Anyway, the basics are simple. You take your .rows from the view output and you insert it into a separate DB which simply emits keyed on the count. An additional trick is to write a very simple _list function. Lists "render" the raw couch output into different formats. Your _list function should output
{ "docs":
[ {..view row1...},
{..view row2...},
{..etc...}
]
}
What that will do is format the view output exactly the way the _bulk_docs API requires it. Now you can pipe curl directly into another curl:
curl host:5984/db/_design/myapp/_list/bulkdocs_formatter/query_popularity \
| curl -X POST host:5984/popularity_sorter/_design/myapp/_view/by_count
In fact, if your list function can handle all the docs, you may just have it sort them itself and return them to the client sorted.
This came up on the CouchDB-user mailing list, and Chris Anderson, one of the primary developers, wrote:
This is a common request, but not supported directly by CouchDB's
views -- to do this you'll need to copy the group-reduce query to
another database, and build a view to sort by value.
This is a tradeoff we make in favor of dynamic range queries and
incremental indexes.
I needed to do this recently as well, and I ended up doing it in my app tier. This is easy to do in JavaScript:
db.view('mydesigndoc', 'myview', {'group':true}, function(err, data) {
if (err) throw new Error(JSON.stringify(err));
data.rows.sort(function(a, b) {
return a.value - b.value;
});
data.rows.reverse(); // optional, depending on your needs
// do something with the data…
});
This example runs in Node.js and uses node-couchdb, but it could easily be adapted to run in a browser or another JavaScript environment.

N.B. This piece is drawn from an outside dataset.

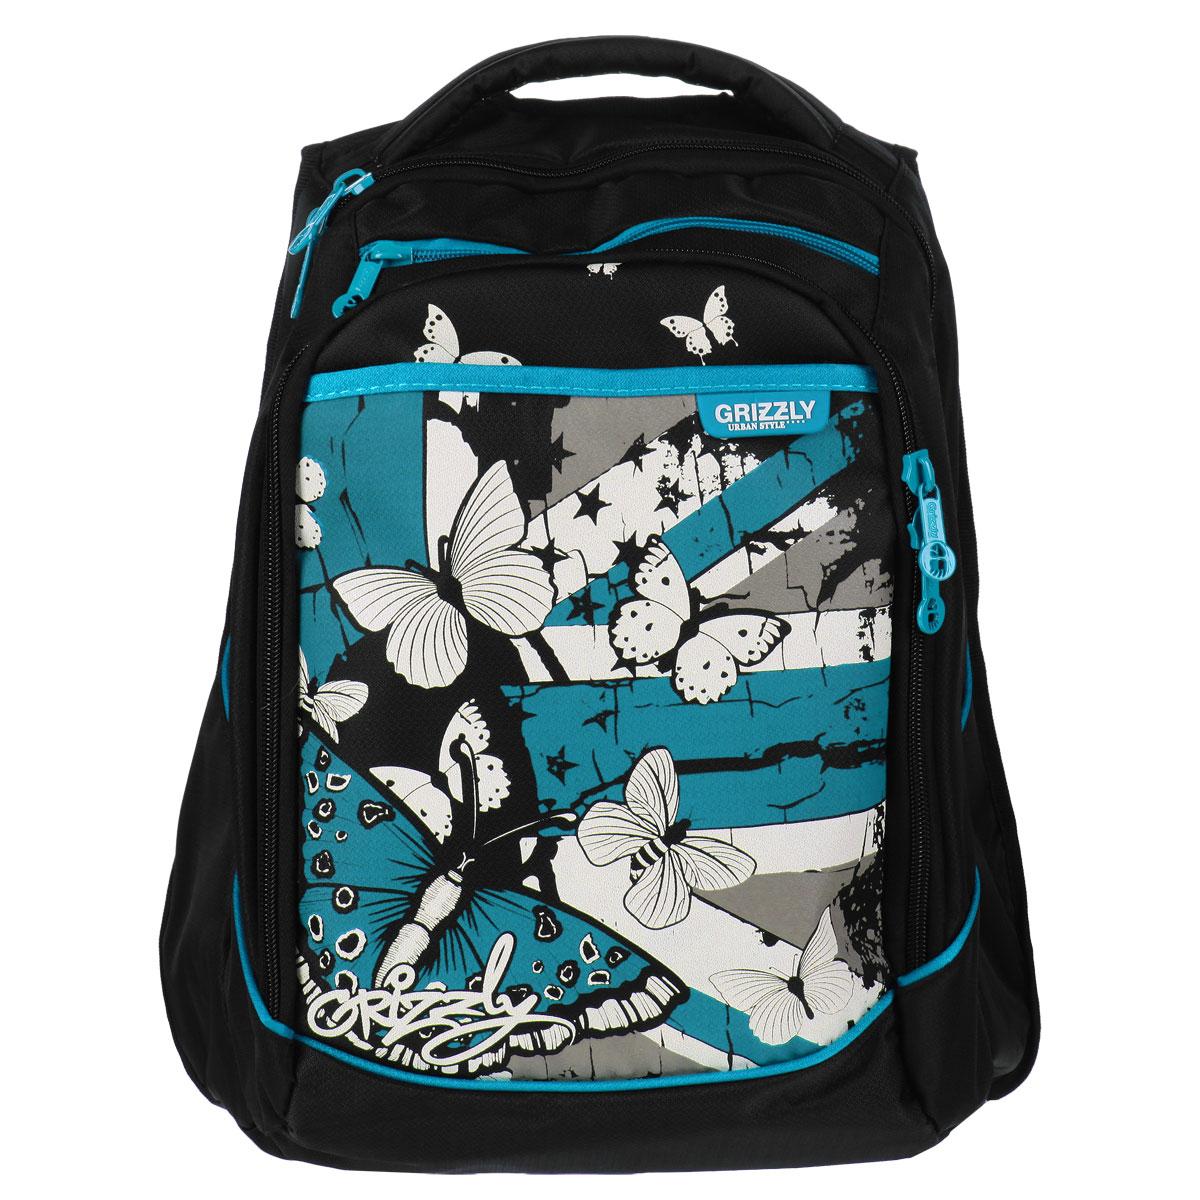 Рюкзак детский Grizzly, цвет: черный, бирюзовый. RD-526-172523WDРюкзак с двумя отделениями, карманом на передней стенке на молнии, дополнительным карманом в переднем отделении, боковыми карманами с сеткой, карманом-пеналом, укрепленными лямками и спинкой

And of course the concept is portable to any programming language/environment.
HTH!
This is an old question but I feel it still deserves a decent answer (I spent at least 20 minutes on searching for the correct answer...)
I disapprove of the other suggestions in the answers here and feel that they are unsatisfactory. Especially I don't like the suggestion to sort the rows in the applicative layer, as it doesn't scale well and doesn't deal with a case where you need to limit the result set in the DB.
The better approach that I came across is suggested in this thread and it posits that if you need to sort the values in the query you should add them into the key set and then query the key using a range - specifying a desired key and loosening the value range. For example if your key is composed of country, state and city:
emit([doc.address.country,doc.address.state, doc.address.city], doc);
Then you query just the country and get free sorting on the rest of the key components:
startkey=["US"]&endkey=["US",{}]
In case you also need to reverse the order - note that simple defining descending: true will not suffice. You actually need to reverse the start and end key order, i.e.:
startkey=["US",{}]&endkey=["US"]
See more reference at this great source.
I'm unsure about the 1 you have as your returned result, but I'm positive this should do the trick:
emit([doc.hits, split[i]], 1);
The rules of sorting are defined in the docs.
Based on Avi's answer, I came up with this Couchdb list function that worked for my needs, which is simply a report of most-popular events (key=event name, value=attendees).
ddoc.lists.eventPopularity = function(req, res) {
start({ headers : { "Content-type" : "text/plain" } });
var data = []
while(row = getRow()) {
data.push(row);
}
data.sort(function(a, b){
return a.value - b.value;
}).reverse();
for(i in data) {
send(data[i].value + ': ' + data[i].key + "\n");
}
}
For reference, here's the corresponding view function:
ddoc.views.eventPopularity = {
map : function(doc) {
if(doc.type == 'user') {
for(i in doc.events) {
emit(doc.events[i].event_name, 1);
}
}
},
reduce : '_count'
}
And the output of the list function (snipped):
165: Design-Driven Innovation: How Designers Facilitate the Dialog
165: Are Your Customers a Crowd or a Community?
164: Social Media Mythbusters
163: Don't Be Afraid Of Creativity! Anything Can Happen
159: Do Agencies Need to Think Like Software Companies?
158: Customer Experience: Future Trends & Insights
156: The Accidental Writer: Great Web Copy for Everyone
155: Why Everything is Amazing But Nobody is Happy
Every solution above will break couchdb performance I think. I am very new to this database. As I know couchdb views prepare results before it's being queried. It seems we need to prepare results manually. For example each search term will reside in database with hit counts. And when somebody searches, its search terms will be looked up and increments hit count. When we want to see search term popularity, it will emit (hitcount, searchterm) pair.
The Link Retrieve_the_top_N_tags seems to be broken, but I found another solution here.
Quoting the dev who wrote that solution:
rather than returning the results keyed by the tag in the map step, I would emit every occurrence of every tag instead. Then in the reduce step, I would calculate the aggregation values grouped by tag using a hash, transform it into an array, sort it, and choose the top 3.
As stated in the comments, the only problem would be in case of a long tail:
Problem is that you have to be careful with the number of tags you obtain; if the result is bigger than 500 bytes, you'll have couchdb complaining about it, since "reduce has to effectively reduce". 3 or 6 or even 20 tags shouldn't be a problem, though.
It worked perfectly for me, check the link to see the code !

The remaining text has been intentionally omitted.